Открытым оставляет финал и Александр Тюжин, автор интересной пьесы «в двух таймах» на популярную сейчас среди сериальщиков спортивную тему — «В запасе» (шорт-лист). Так до конца и неясно, кого выберет главный герой футболист Андрей: предавшую его в трудную минуту меркантильную стерву Настю или Таню, заставившую поверить в себя и не предать свой талант. Отмирание чувств у своих героев, их эмоциональное «уплощение», которое в некоторых случаях становится главной причиной крушения личности, Тюжин в том числе передает и через абсурдистскую технику «опустошения» драматического образа. Мама главного героя, например, не имеет ни имени, ни детально прописанного характера, она «постоянно лепит пельмени под радио». Дед Андрея тоже безымянен, но всегда крепко сжимает пульт от неработающего телевизора и помнит, что приличный человек в торжественный момент должен надевать галстук.
Страшновато-смешные персонажи с аналогичным генезисом населяют и пьесу Игоря Кадилина «Раиса» (лонг-лист номинации). В абсурдистских декорациях крошечной железнодорожной станции Чичевка, где однажды проездом в Киев побывал революционер Кржижановский, разворачивается вполне узнаваемый семейно-бытовой адок. Главная героиня — «заступница за общепит святая Раиса Снегирева» — спасла в годы перестройки от закрытия кафе, где работала. И подвиг ее рифмуется с подвигом ненавистной свекрови Виталины, которая спасла в свое время от закрытия станцию, осенив ее памятной доской заезжему революционеру. Пока невестка и свекровь меряются героическими характерами, их муж-сын сбежал на ПМЖ к дамам-шизофреничкам. Те меняют свои наряды и образ мыслей по хронометру (зеленому, синему, красному), являясь внутренне единым целым. В какой-то мере шизофренички вполне могут быть антиотражением дуэта Раиса — Виталина, олицетворяя все хором, вчетвером, разные грани многомерного героически-богатырского характера советской женщины, которой «пухом будут рельсы» и которая закалена как сталь в заповедниках советской идеологии, где нынче пустынно и только бродит мифическая волчица Путиница. Абсурд как лучший инструмент для описания «дурной бесконечности», где человек есть вечная абстракция и неспособен отыскать точку опоры в поисках постоянно ускользающего смысла, часто порождает разного свойства кольцевые структуры. Это может быть и кольцеобразная, не диалектическая композиция, и запараллеленные зеркальные отражения героев, и отдельные образы, связанные, так или иначе, с понятием круга.

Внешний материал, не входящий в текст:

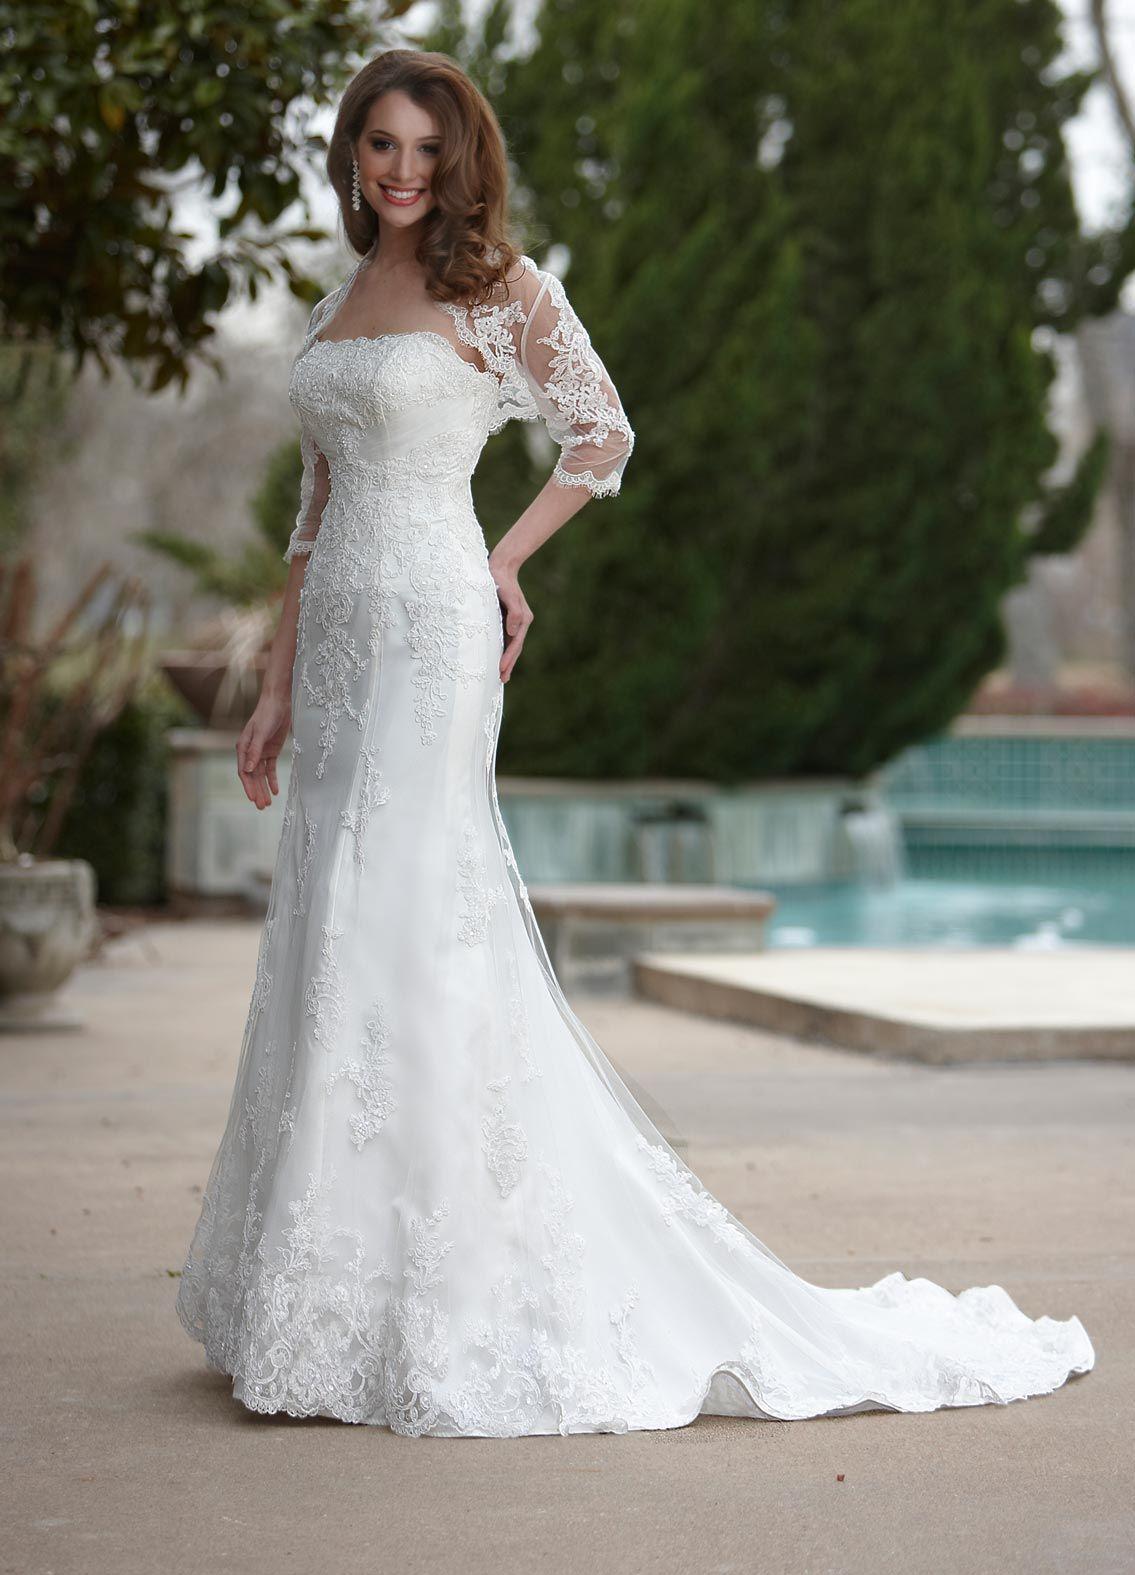 Davinci bridal style lace wedding dress in stock fashion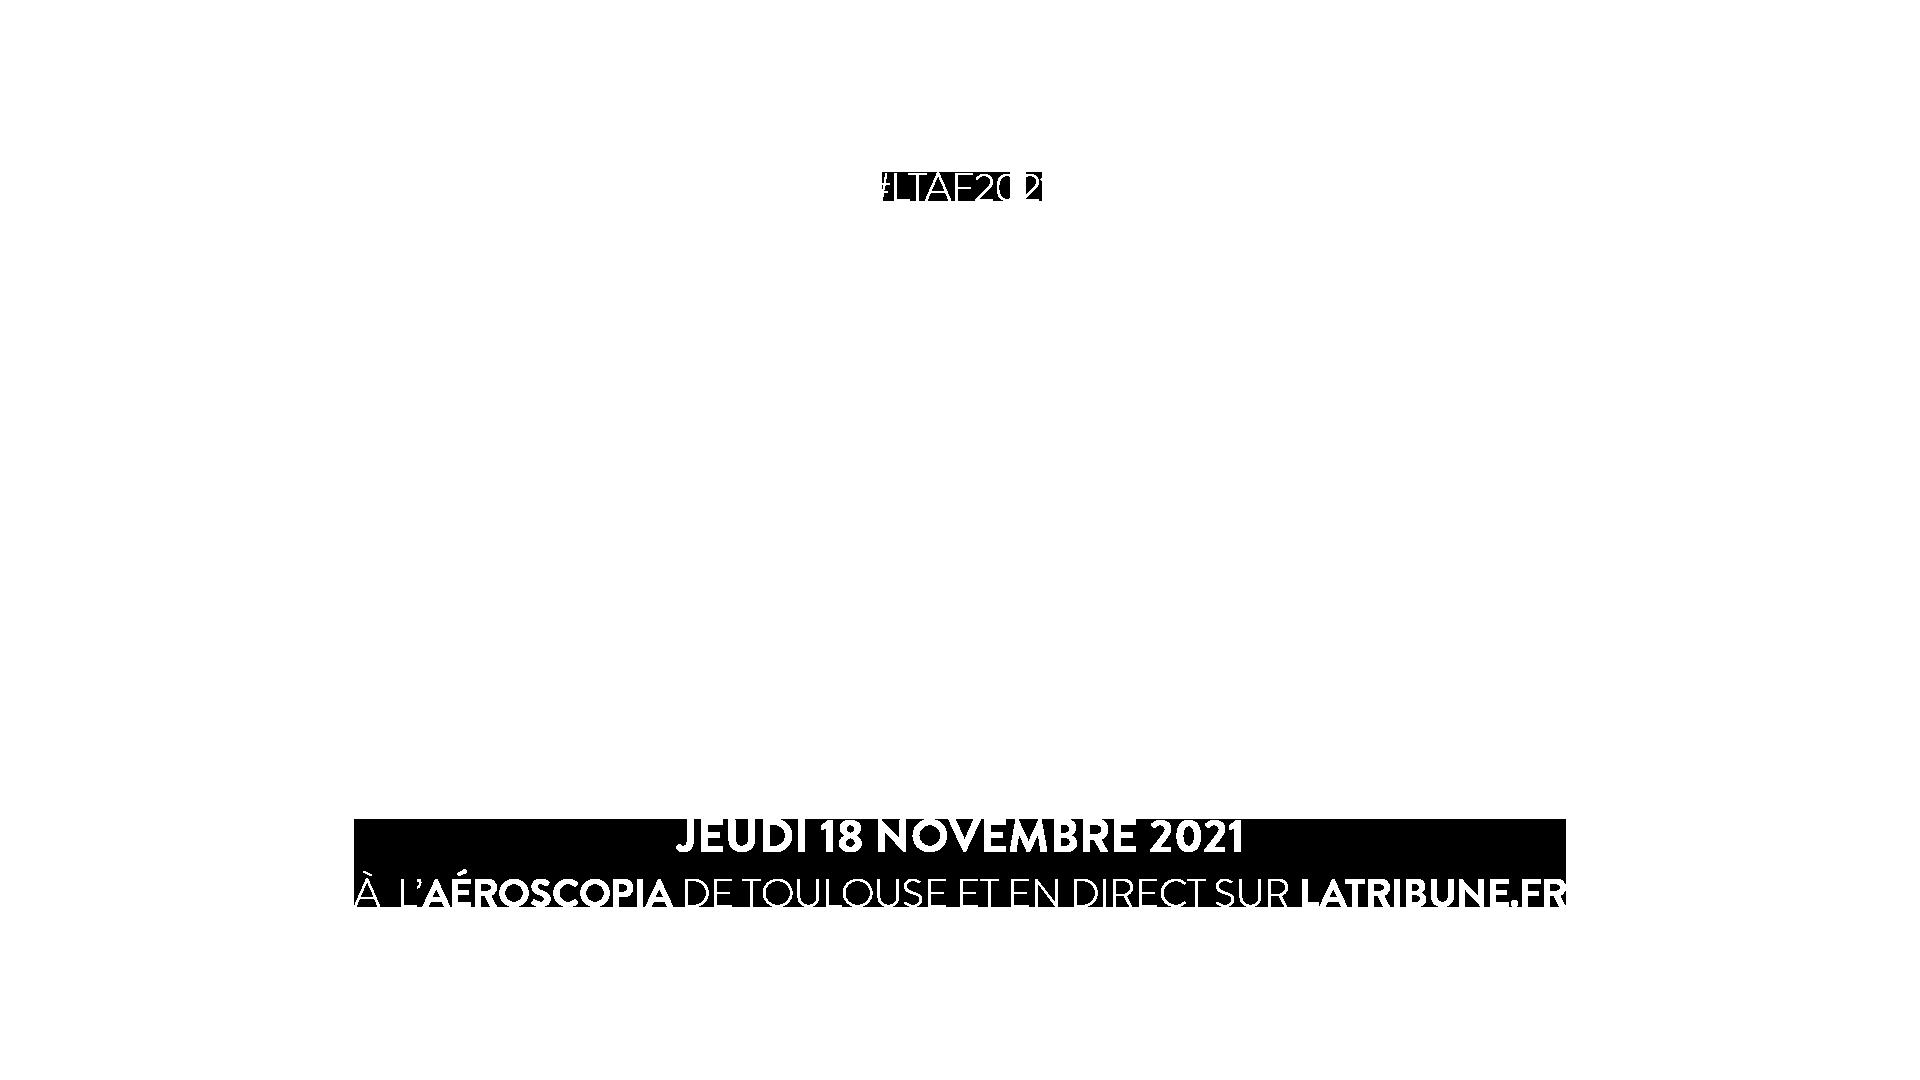 AEROFORUM_2021_SITE_1920x1080

Например, в пьесе Олега Колосова «Найду колесо, потом куплю машину» (вторая премия номинации) главным двигателем сюжета становится колесо. Автор вообще никак не определяет жанр истории, но настораживать должен уже перечень персонажей, где среди прочих присутствуют «травмированный», «шиномонтажник», «второй», «помощник», «довольный водитель» и «группа из людей». Главные герои вполне персонифицированы, это супружеская пара около тридцати — Артем и Катя, которая «серьезна, как ее беременность» и очень хочет машину, чтобы облегчить свою жизнь. Артем, понимая, что здесь больше прихоть, чем необходимость, опасаясь лишних хлопот, отнекивается. Машина — знак правильной, удавшейся жизни «как у всех». Но вот он находит на дороге новое колесо с дорогим диском, от которого, как оказалось, невозможно избавиться. Жизнь молодоженов и мирное течение бытовой вроде пьесы вслед за находкой на полном ходу съезжает в тартарары абсурда довольно крепкого градуса. Но если обратиться к классификации Патриса Пави, здесь мы имеем еще «сатирический абсурд (в формулировке и интриге), достаточно реалистически описывающий мир». Высвечиваются изначально абсурдные шаблоны мышления, признанные, однако, за норму в обществе потребления.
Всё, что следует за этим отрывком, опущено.